Take the example that everyone in the tactical firearms community is probably familiar with – a person who has served in the military in the past 15 years and has involved in real world violence over and over again during the current Global War on Terror. Perhaps they have even served with one of the Tier One Specops units like Delta or the Navy SEALS. Without a doubt, this person knows how to run a rifle, understands fighting mindset, knows team CQB room fighting and open field warfare. Maybe they even were the medic for their unit so they have a solid background in trauma care. Perhaps his unit was one that did some specialized work and used pistols in combat. This person leaves the military and starts teaching to make a living. Now, in those areas discussed above, this person is without a doubt a Subject Matter Expert (SME) and can pass on incredibly valuable lessons. Does that mean he also knows the ins and outs of the realities of concealed carry? What if he spent his entire career in a uniformed capacity? Can he understand what it is like to have to operate daily (not on one and done occasions) in a Non-Permissive Environment (NPE)? What if he starts teaching courses and writing articles on strength and conditioning? What training has he had in that? Just because he himself is in good shape and works out a lot does not mean he has knowledge that everyone else can benefit from. What about knife work? Contrary to what the movies like to portray, the list of combat soldiers that used a bladed weapon on an attacker are far and few between. And don’t even begin to think that there is much instruction or training involving knife work being officially taught to any big time military unit.

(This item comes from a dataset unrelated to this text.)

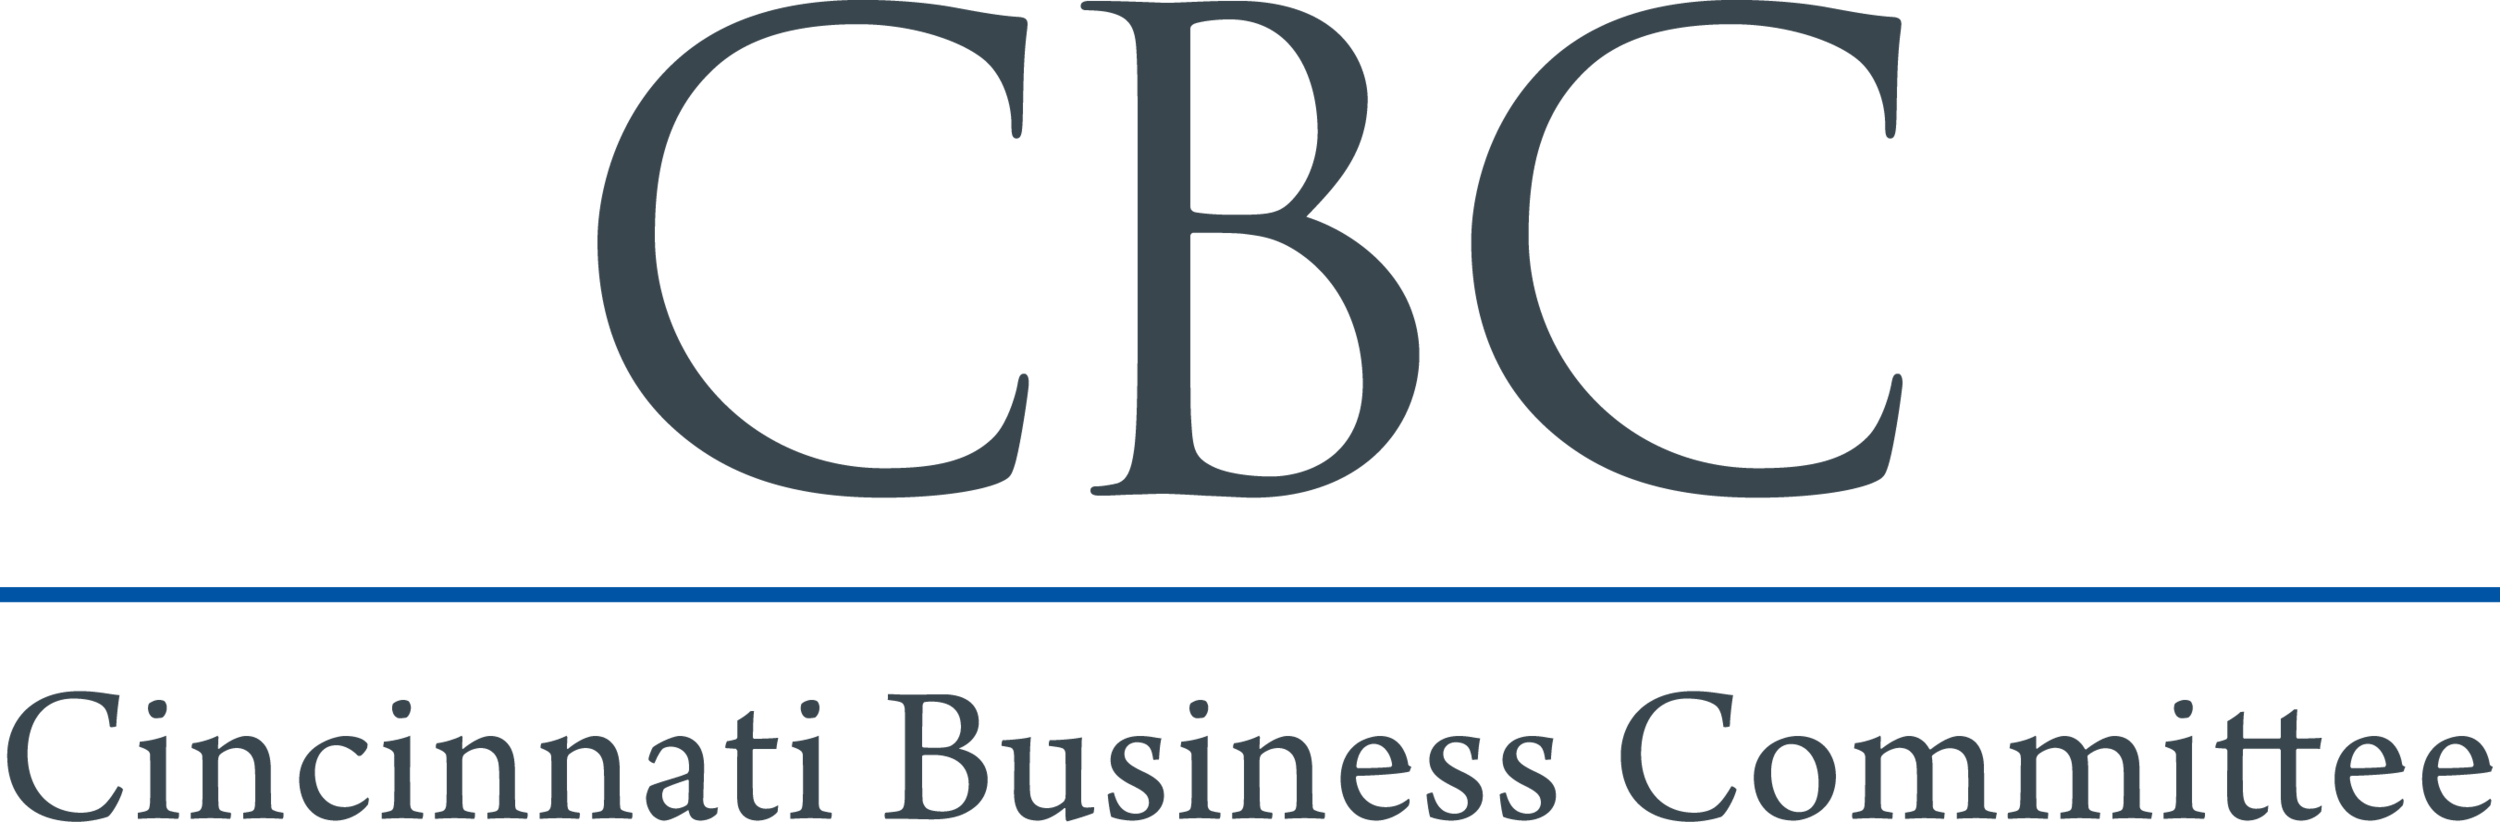 Cincinnati Business Committee.png
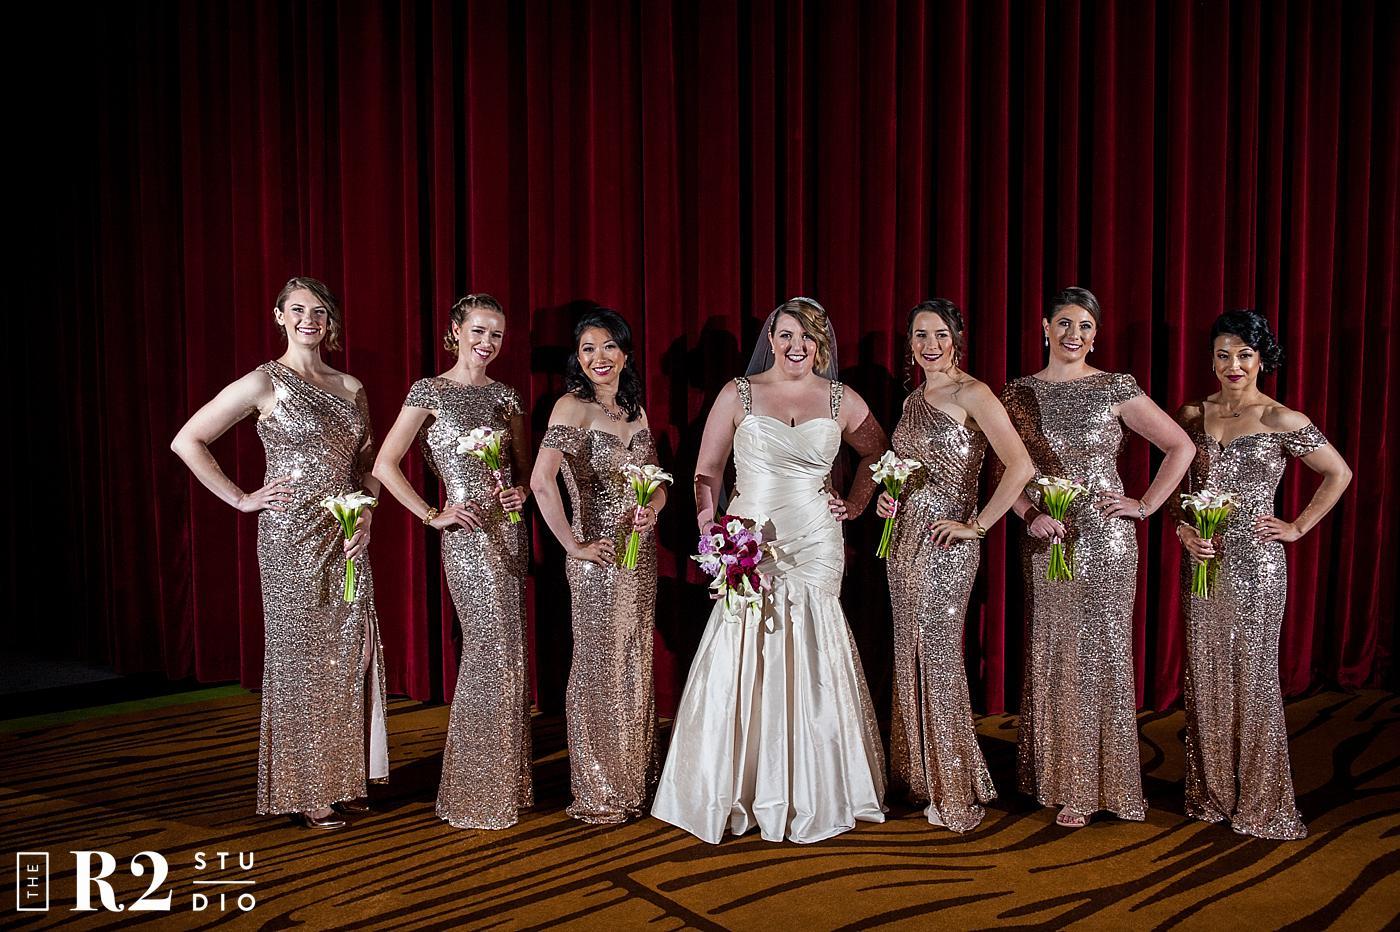 #slslasvegaswedding #slslasvegas #bridesmaid #bridalparty #weddingflowers #bridalbouquets #desirableeventsbydesi, #weddingplannerlasvegas,#lasvegasweddingcoordinators,#weddingcoordinatorslasvegas,#weddingcoordinatorlasvegas,#lasvegasweddingplanner #desirableeventsbydesi #Tropicanawedding #wedding, #love, #lovewins, #samesexwedding, #gaywedding, #tropicana, #lasvegaswedding, #weddinglasvegas, #weddingplannerslasvegas, #lasvegasweddingplanners, # layersoflovely, #lasvegaswedding, #susieandwill, #rusticwedding, #wedding, #historic5thstreetschool, #downtownlasvegas, #sls, #sayersclub, #bazaarmeats, #slslv, #slslasvegas #slsweddings, #lasvegasweddings, #renttherunwaybridesmaids

A case in point in how to conduct yourself is Kyle Lamb, formerly of Delta. Kyle is a terrific shooter, and decorated and experienced combat vet. His lectures on mindset are phenomenal. His understanding of shooting tactics and running rifles or pistols are at the highest level. Do you know what he never teaches? H2H. Even though he had some Army Combatives training, he knows he is not at a level where he would be comfortable teaching others. And that has not affected how great a fighter or instructor he is. An instructor does not have to be a jack of all trades.

Another glaring example of the exact opposite way to conduct yourself is in the specific world of hand-to-hand combat. Since the Gracie family burst on the scene publicly in the late 80’s and forced everyone to concede that ground fighting is not only a possibility, it may very well be a definite in a fighting scenario. At first, the martial arts world tried to show ways that they could defeat the grappler and never go to the ground (I still have a number of old martial art magazines filled with articles that are laughable in their ignorance on how much of a nightmare an experienced, trained grappler can be), but with years and years of not just Mixed Martial Art (MMA) events like the UFC, but real world video footage that show lots of fights go to the ground, the realization has set in that you better know how to handle it if you do find yourself on the ground. Unfortunately, this has given rise to a number of instructors who try to shroud themselves in the mantle of “expertness” when they have spent little if any time studying grappling. So this person who offers excellent instruction when the fight is upright tries to teach groundwork and makes fools out of themselves. And more importantly, passes on info and techniques that could very well get a good guy killed.

If you cannot point to any serious time in training grappling with specific and exact instructor or gym, and only throw around vague hints that you did this and that, but with no proof, don’t put out videos showing your answers to the ground when all you do is look ridiculous with techniques that are demonstrably idiotic.

To sum up, just stay in your lane. If you are truly an expert in that lane, no one will care if you are not an expert in all of them. That won’t diminish you in any way shape or form. What will diminish you is teaching or talking about stuff you have no clue about. So just don’t.